Transmission: This encoded video can be easily saved, broadcast, and streamed on countless devices.  

Decoder: This involves transforming the encoded video back into a format that can be displayed on a screen. 

Screen: The decoded video data is then displayed on a screen. 

Blockchain Application in Traceability 

Blockchain technology, in simple terms, is a type of decentralised and distributed database used to record transactions across a network so that any included record cannot be revised retroactively, without the revision of all subsequent blocks. This means that no single entity or authority controls it, allowing users to prove and audit transactions or changes independently. Given its heightened reliability in traceability, blockchain technology emerges as a promising tool for authenticating the validity of videos. Here are two instances showcasing the usage of blockchain technology and its potential applications: 

  • Nodle, in collaboration with Adobe and the Linux Foundation brings ContentSign to the Content Authenticity Initiative. This establishes a potential specification for media verification which will demonstrate data integrity from its moment of capture using blockchain. The process includes digital stamping that verifies that an authentic camera has captured the video; the video is authorised by the private key (only recognised by the authenticated camera) and a trace of the video is(?) broadcast to a blockchain.
  • PROVER is another way of ensuring traceability, it is a technology for validating the authenticity of video content. First, a code is generated throughout recording when the user moves the phone in a particular direction i.e. up, down, left, right, and diagonal – making an exclusive ‘swype-code’ pattern for every video. After the video is recorded, the PROVER remembers the exclusive ‘swype-code’ and hash of the video file. This is an easily accessible option for most video or content generators and the cost of the service is only 6 cents ($0.06). 

PROVER can be implemented both as a separate web or mobile app, or by using APIs and extensions integrated as a solution into third-party applications. This solution is based on exclusive video analysis algorithms combined with decentralised blockchain-based registry technology. 

The most common use cases this technology can be applied in are property insurance, educational projects, gaming, performance reports, proof of video authorship, traffic violation videos, remote monitoring, legal content videos, mortgage approvals and many more.  

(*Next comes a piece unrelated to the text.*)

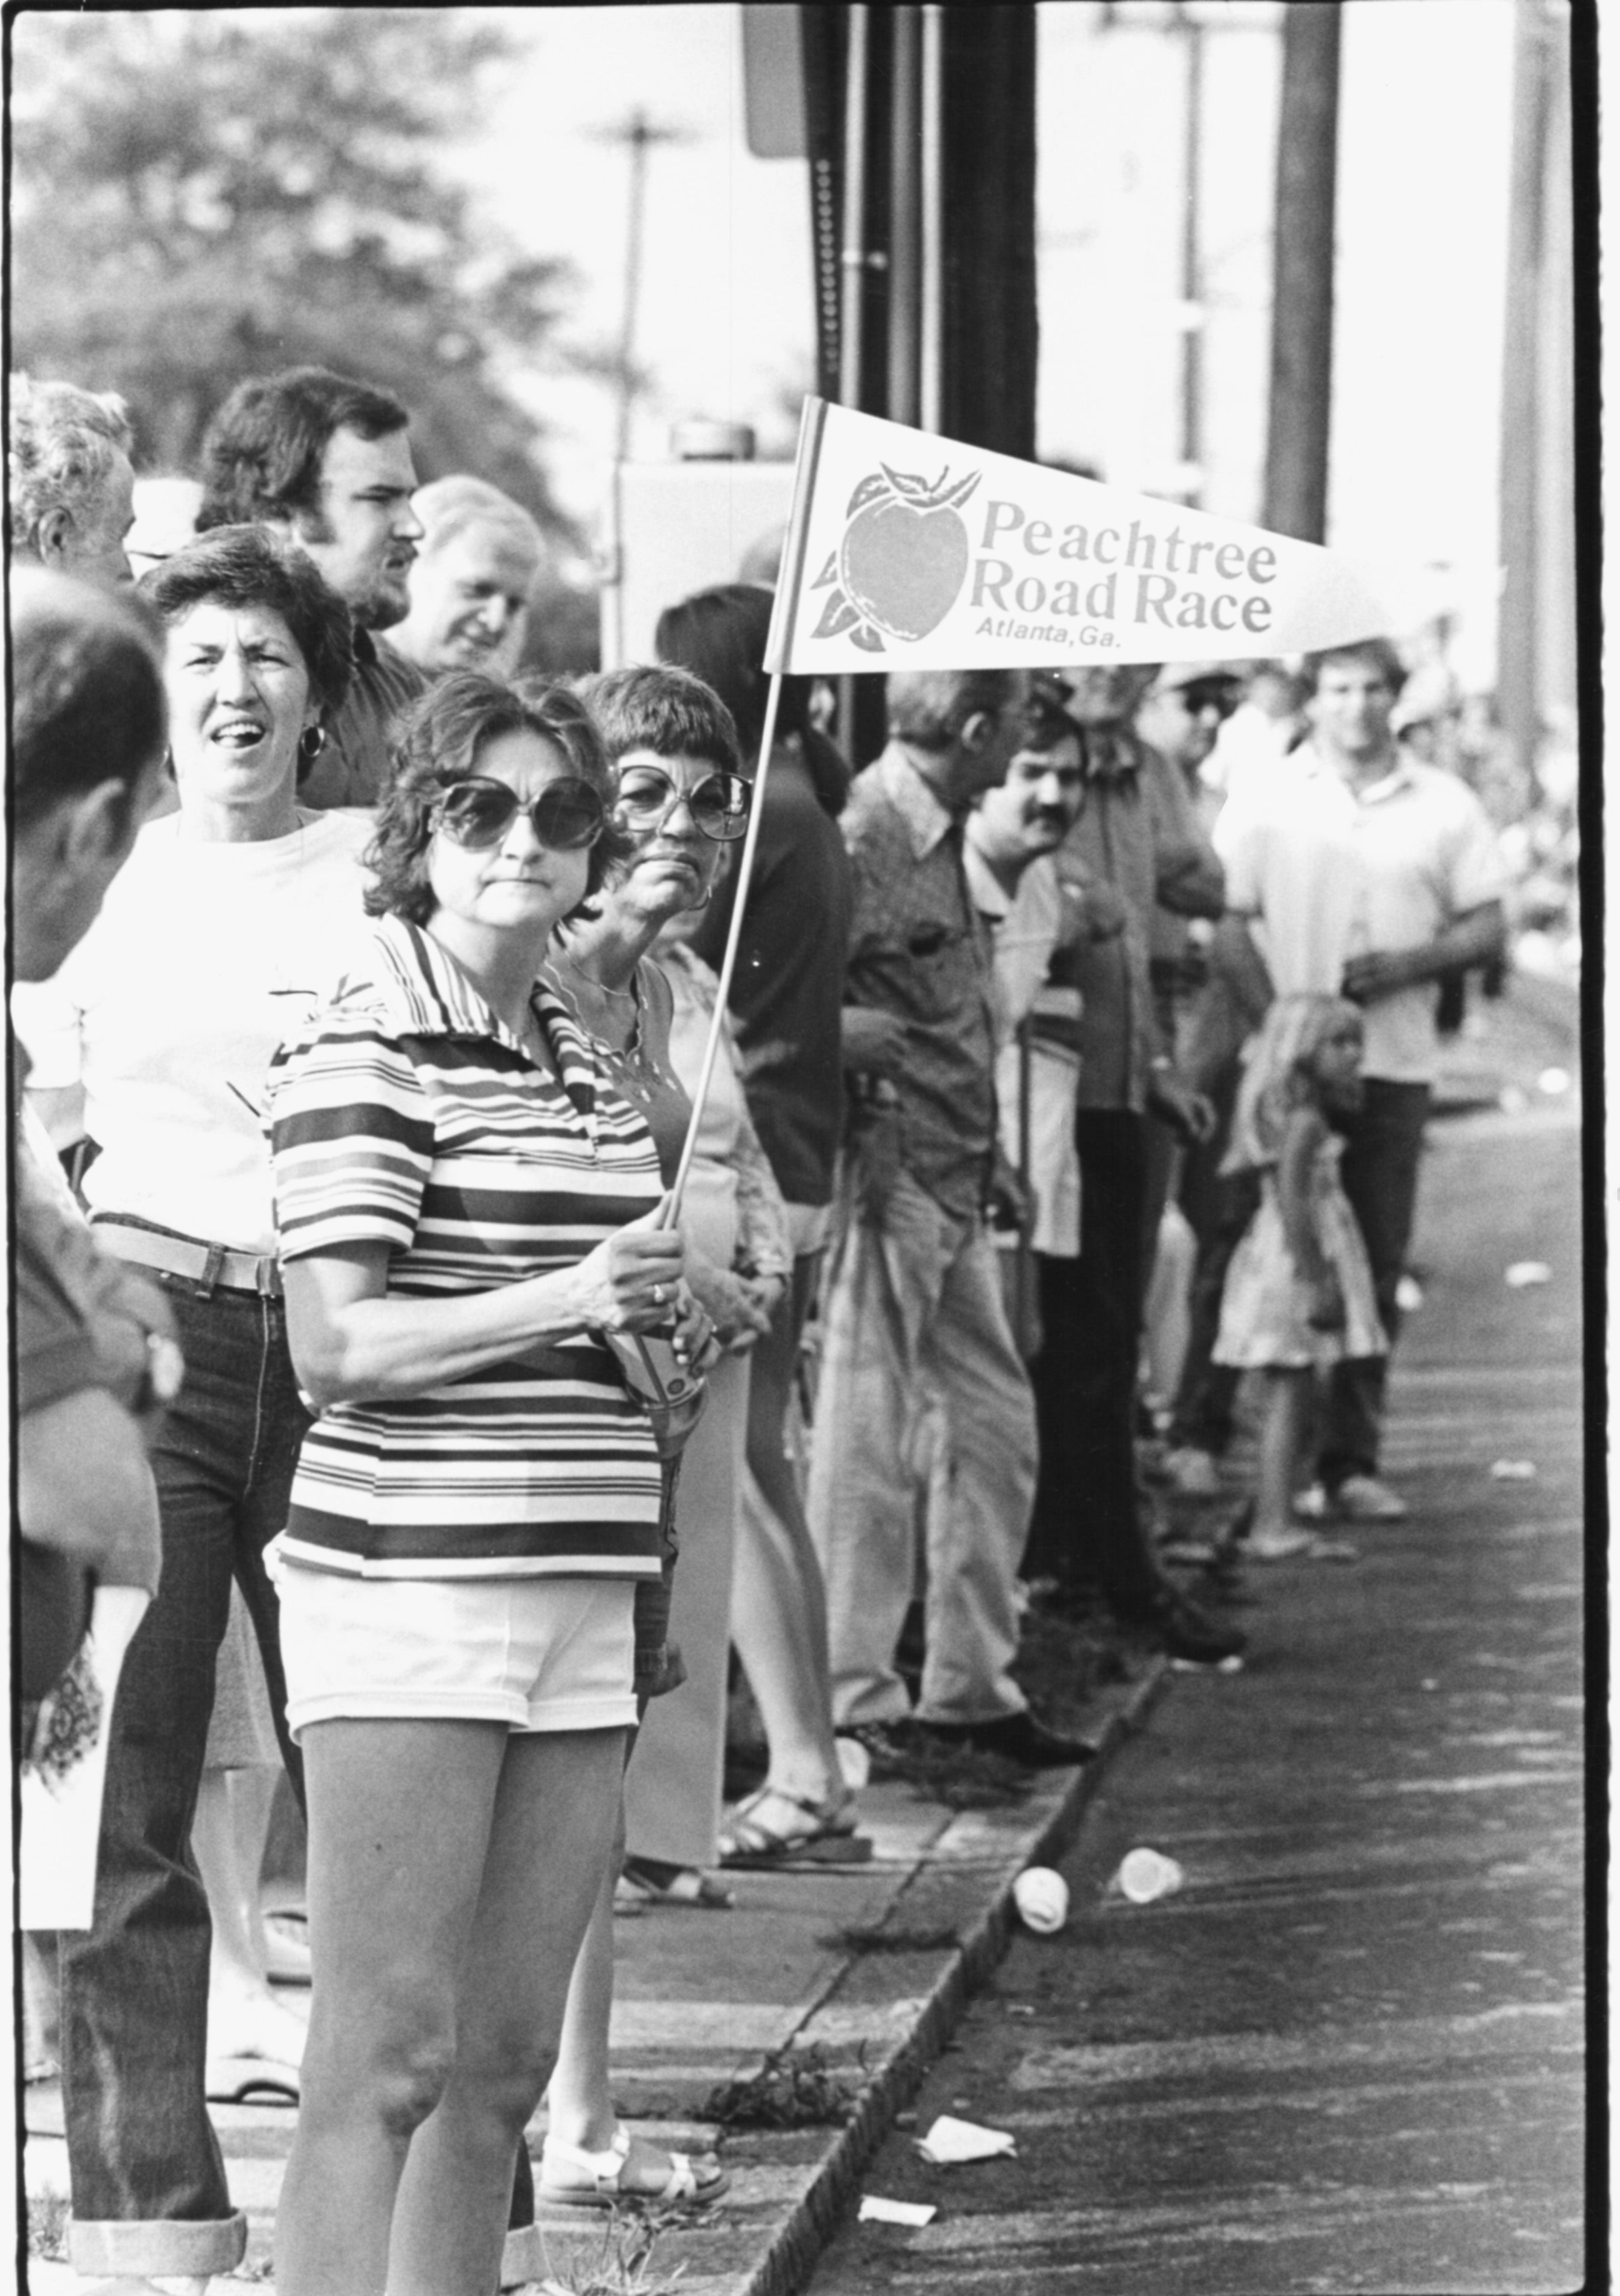 Peachtree Road Race spectators 1978

We took a deep dive into how AI can make fake videos that look just like the real deal. It’s a bit of a brainteaser trying to figure out what’s real and what’s not. While this technology is undeniably impressive, its implementation could potentially provoke challenges in our society.  

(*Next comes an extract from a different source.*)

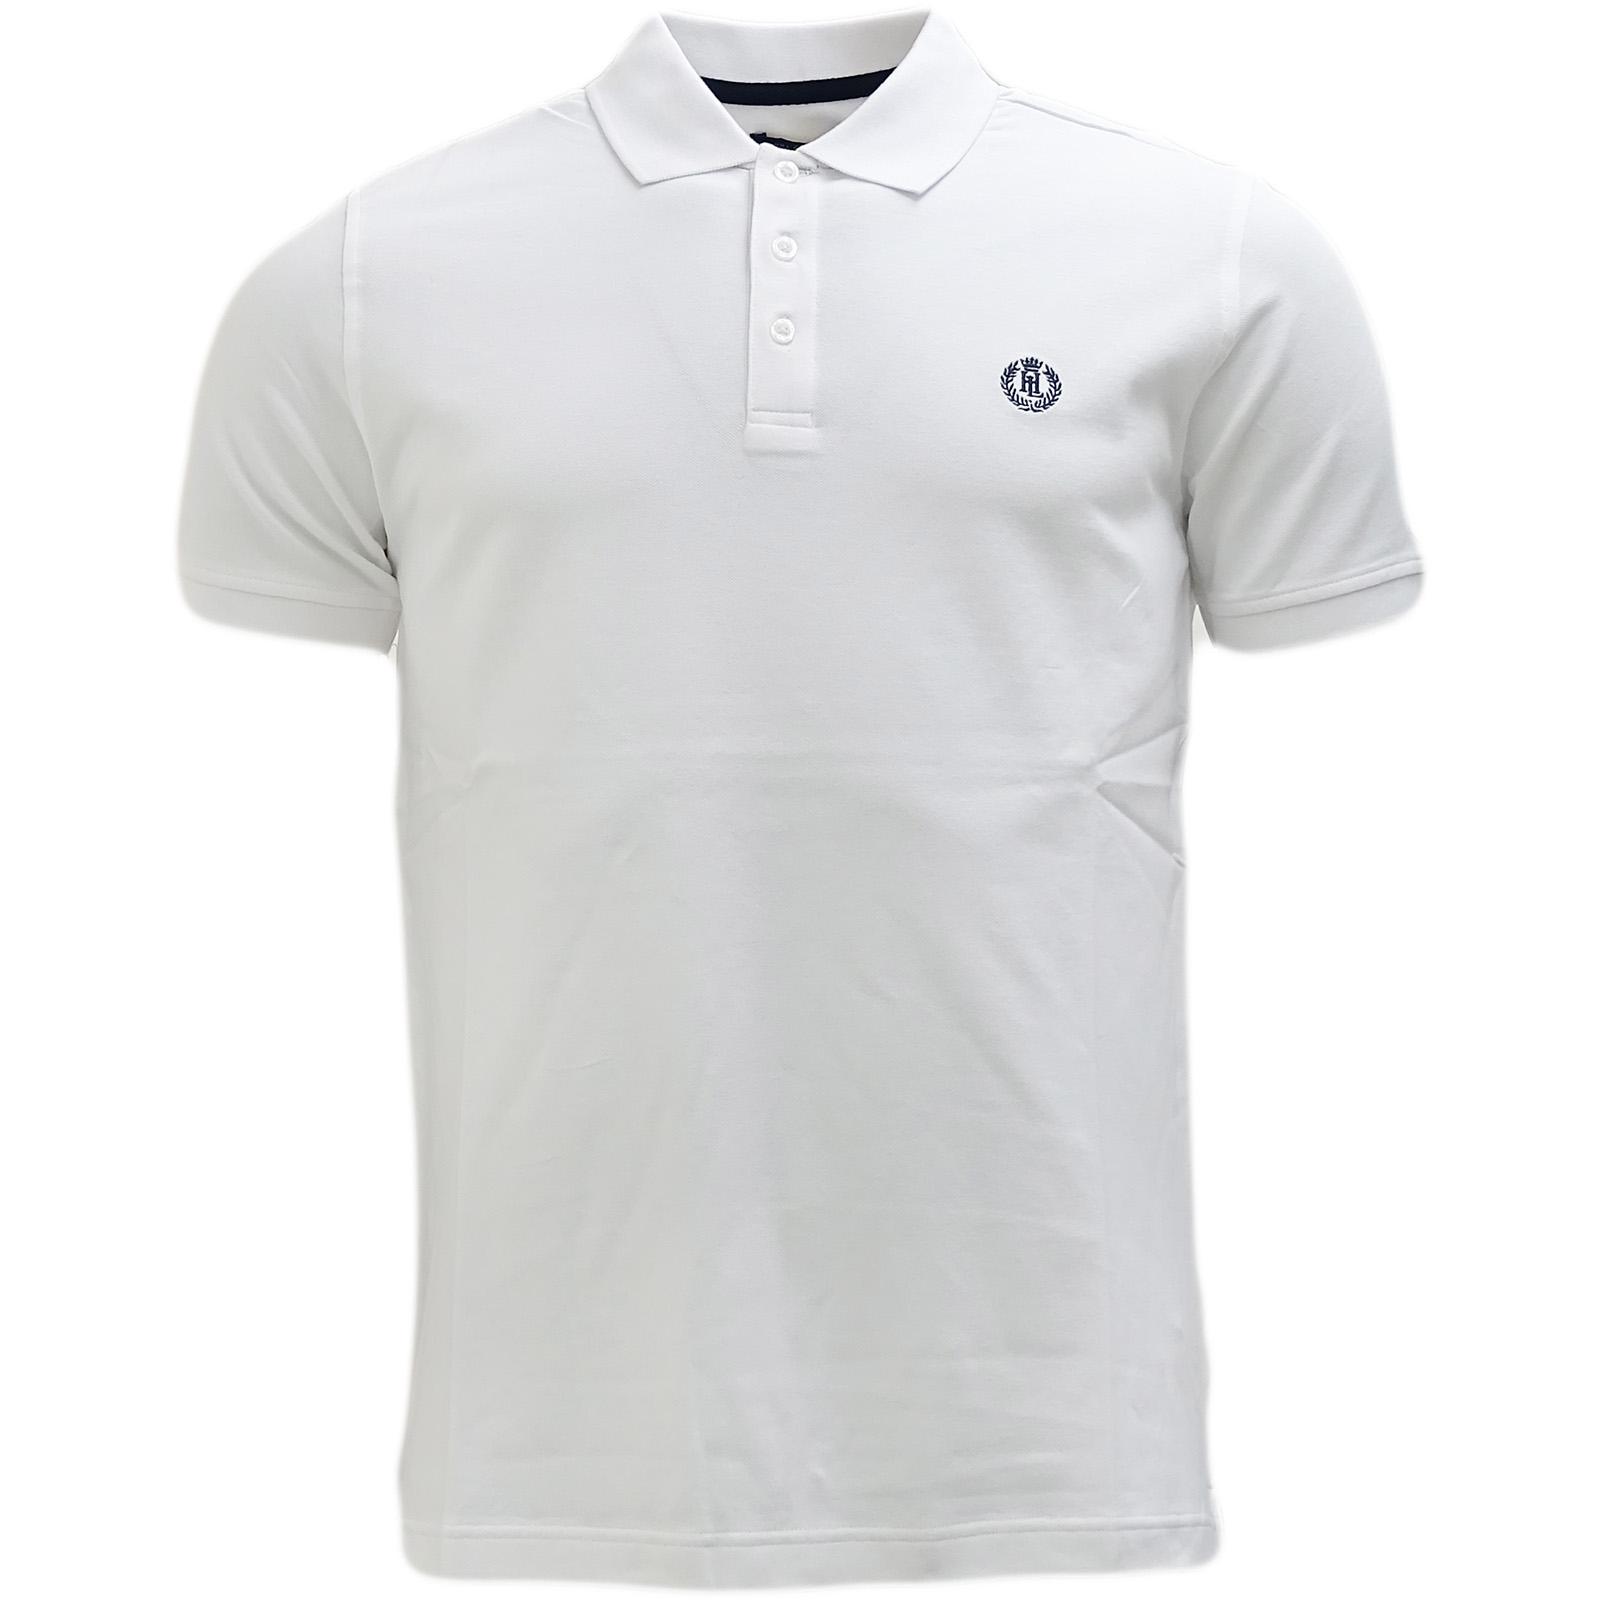 Cowes 18 Henri Lloyd Plain Stretch Polo Shirt

As society tackles with the ethical, legal, and societal ramifications of AI-generated content, it is imperative to understand the complexities surrounding its creation and dissemination to make better and informed decisions based on AI generated videos. 

While blockchain claims a lot of promise, it’s vital to hint that scripting manipulated video data to a blockchain does not make it genuine. Like any technology, blockchain too, is not immune to maliciousness.